Stores

A store tells PriceBuddy how to scrape the price (and other information) from a website. A number of stores are pre-configured, but you can also add your own.

Stores are shared between all users in PriceBuddy, so if you add a store it will be available to all users.

Below will go into more detail on how to add or configure your own stores.

Store name

As you would expect, this is just used for store identification in the UI.

This is a list of domains that the store is valid for. When you add a product URL, the domain is extracted then PriceBuddy will do a lookup for any stores with a matching domain name. Once a match is found the settings are used to scrape content from that stores product page.

You can add more than one domain to a store, for example, amazon.com and www.amazon.com.

Strategies

These are the rules that PriceBuddy uses to extract the price, title and image from the product page. There is multiple ways to extract these details and you can mix and match different strategies.

CSS Selector

This is the most common strategy and is used to extract data. There are plenty of tools and resources to help with this, but the most common way is to use the browser developer tools to inspect the page and find the element you want.

Right click on the data you want to extract and select Inspect from the menu, The developer tools will open and highlight the element in the DOM. Right click on the element and select Copy then Copy selector. You can then paste this into PriceBuddy.

Example for getting the price using CSS Selector

On amazon.com we use developer tools to get the selector span.a-price

CSS Selector

Then in PriceBuddy, we add the selector span.a-price to the price field.

CSS Selector Price

More about CSS Selectors

There is plenty of ways to select elements in CSS, you can use classes (eg .price), ids (eg #price) or even attributes (eg [data-name="price"]). Some Googling will teach you more here, for example this resource.

Getting the value of an attribute

If the data you want to extract is part of an attribute, you can use the | symbol to get the value. For example, if the html looked like this:

<div class="product" data-price="10.00">

You would use the selector .product|price to get the value 10.00.

The most common CSS Selectors for extracting data

Title - meta[property=og:title]|content
Price - meta[property=og:price:amount]|content
Image - meta[property=og:image]|content

But every site is different.

Regex

Regular expressions are a powerful way to extract data from a page. It is more complex to use than CSS selectors but can be more flexible.
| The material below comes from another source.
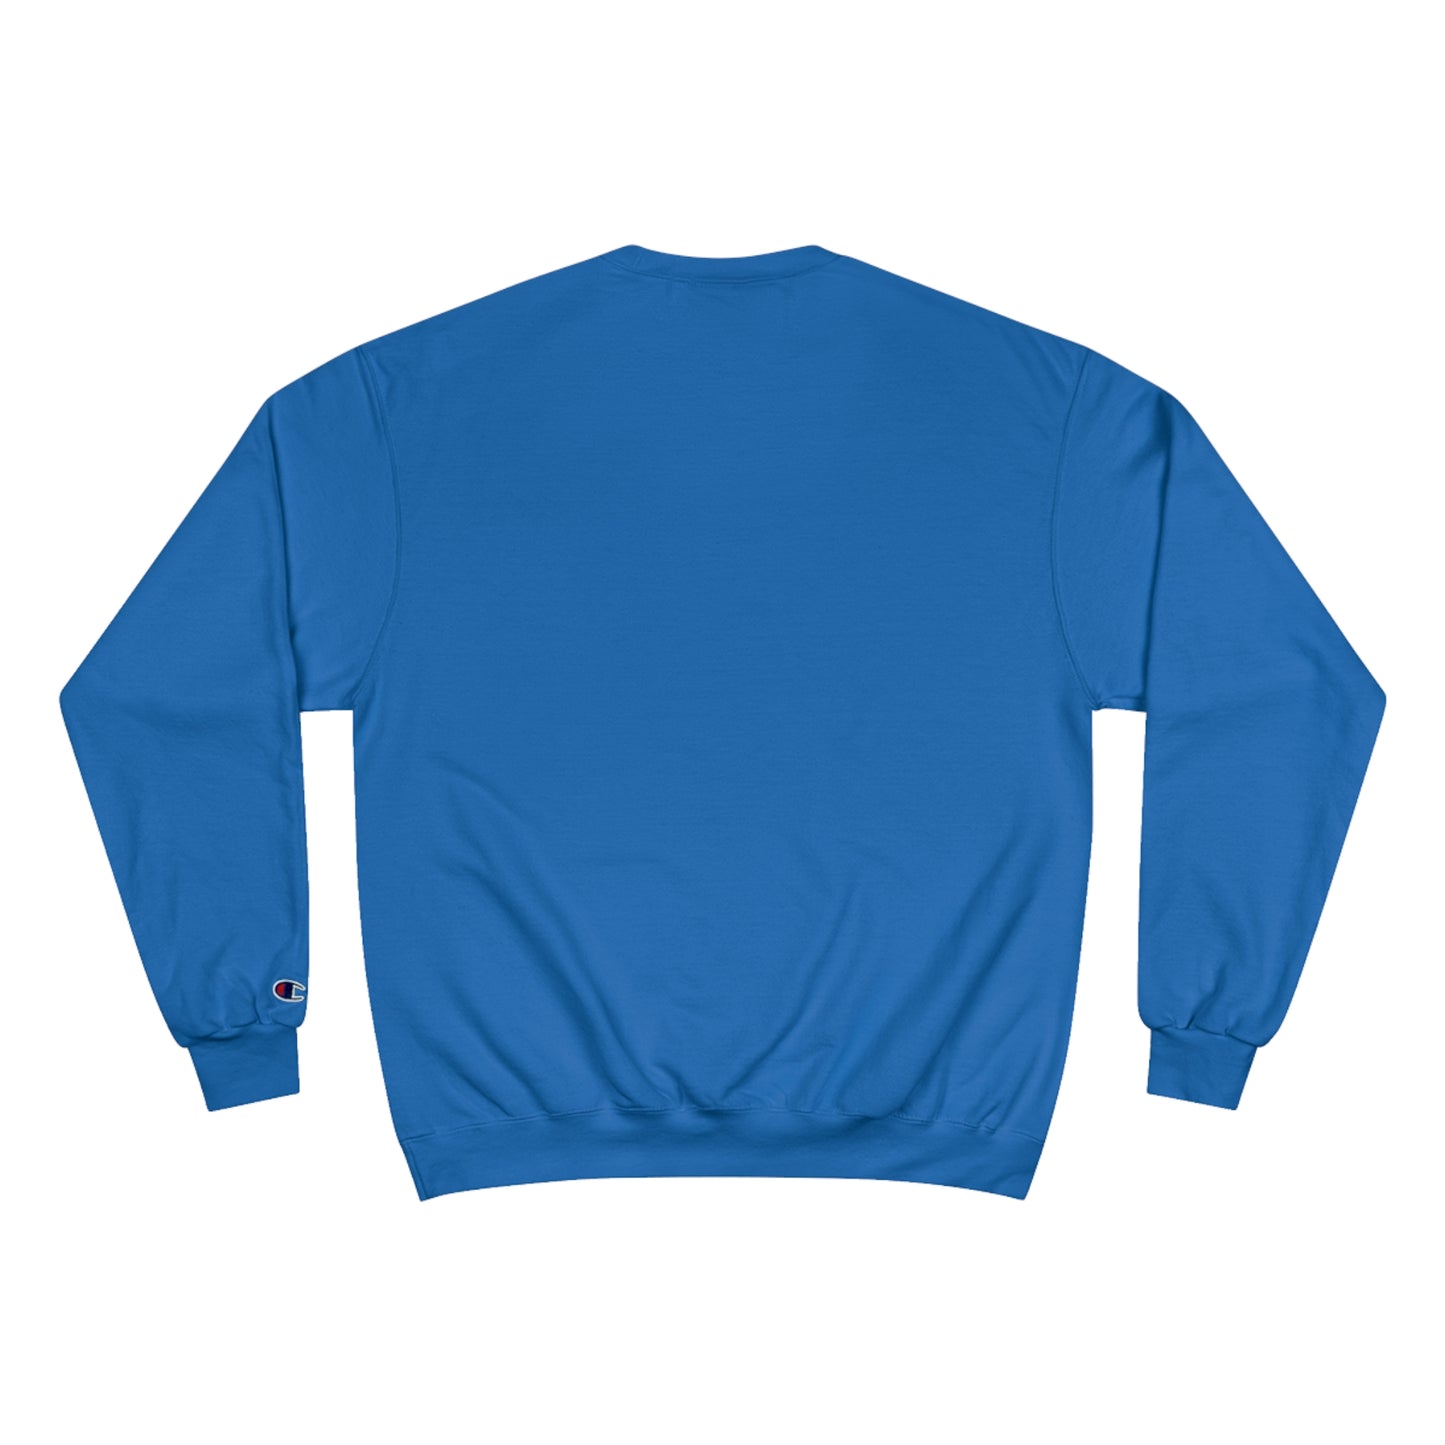 Classic Tech Seal - Champion Crewneck Sweatshirt - Class Of 1964
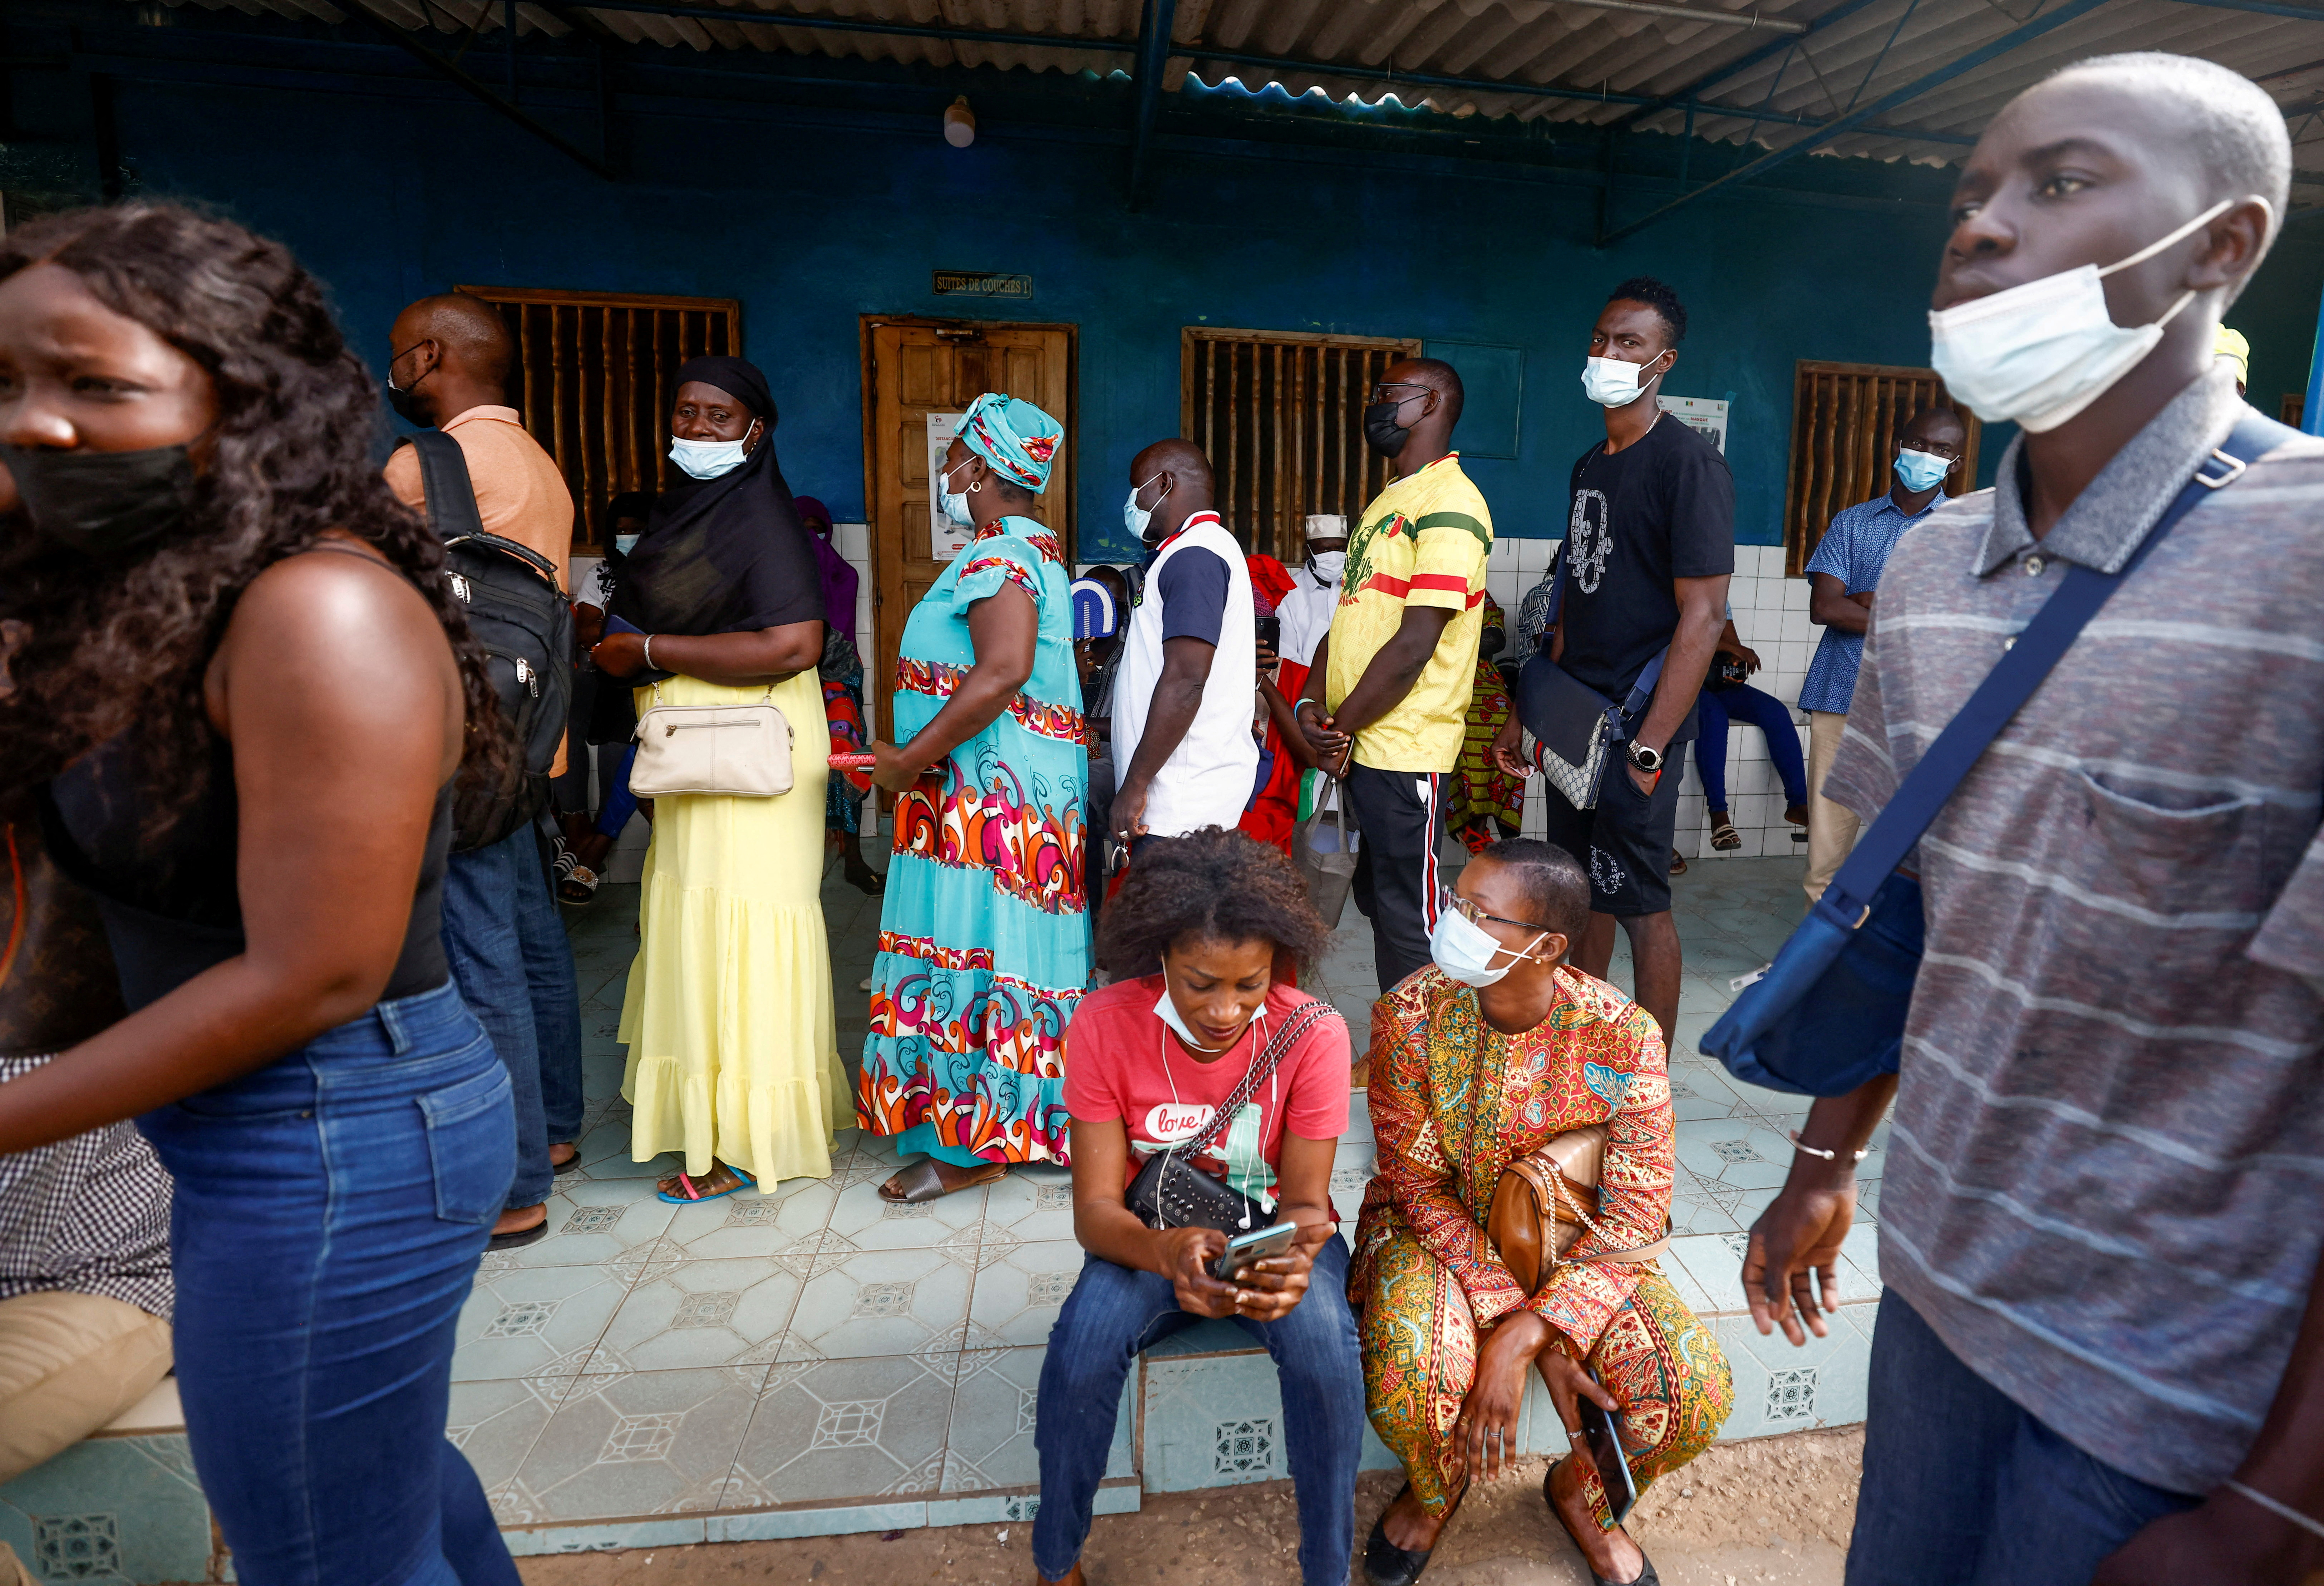 Amid a surge of coronavirus disease (COVID-19) cases in Senegal

Example for getting the price using Regex

If the html contained something like this:

{"price": "10.00", "currency": "USD"}

We could use the regex ~\"price\": \"(.*?)\"~ to extract the price.

Tools for testing Regex

One of the best tools for testing regex is regex101. Paste the "source" of your page into the "Test String" box and your regex into the "Regular Expression" box. You can then see what matches your regex will find.

JSON Path

JSON Path is a way to extract data from a JSON object. This is useful when the data source is an API that returns JSON. The format used is more "dot notation" than JSON path, but it is similar.

Example for getting the price using JSON Path

If your JSON looks like this:

{
  "product": {
    "title": "Product Name",  
    "price": 10.00
  }
}

You would use the JSON Path product.price to extract the price.

Locale

This is default locale settings for the store, the default can be set in Settings but this will override that for this store.

Locale - This should match the locale/language of the store. Eg. en_US for English (United States) or fr_FR for French. Currency - This should match the currency of the store. Eg. USD for US Dollars or EUR for Euros.

NOTE: Mixing currencies on the same product results in incorrect price comparisons and aggregates.

Scraper service

This is what PriceBuddy uses get the HTML of the product page. There are two services available:

Curl based HTTP request (HTTP)

This is the default and preferred method. It gets the HTML of the page using a basic HTTP request, this is the same as what you would get if you "view source" on a webpage.

It is the fastest and most reliable method, however many modern websites require JavaScript to render the page. This method will not work on those sites.

Browser based request (API)

This method uses a headless browser to render the page and get the HTML. This is means that JavaScript is executed and the page is rendered as if you were viewing it in a browser.

We use Scrapper to do this, which is a docker image running a headless browser. Internally it uses both Playwright and Readability.

There are many advanced settings you can use with this service if the site you are scraping is proving difficult to get the data from. See the Scrapper Github page for documentation.

Scrapper provides its own web interface for testing and debugging, if you're using the default docker-compose.yml you can access this at http://localhost:3000.

Auto store creation

PriceBuddy can auto create stores for you given only the product URL. This works by attempting to scrape the page and extract the price via common strategies. After a successful strategy is found the store will be created.

This will not work with all stores, but it does work for most. It will only use the Curl based HTTP request to get the page contents for performance reasons.

If auto creation fails, try manually creating the store and using the API scraper or more custom strategies.

If you create a store and want to share it with others, you can export the store as JSON by clicking the "Share" button. You can then give this JSON to others and they can import it into their PriceBuddy instance.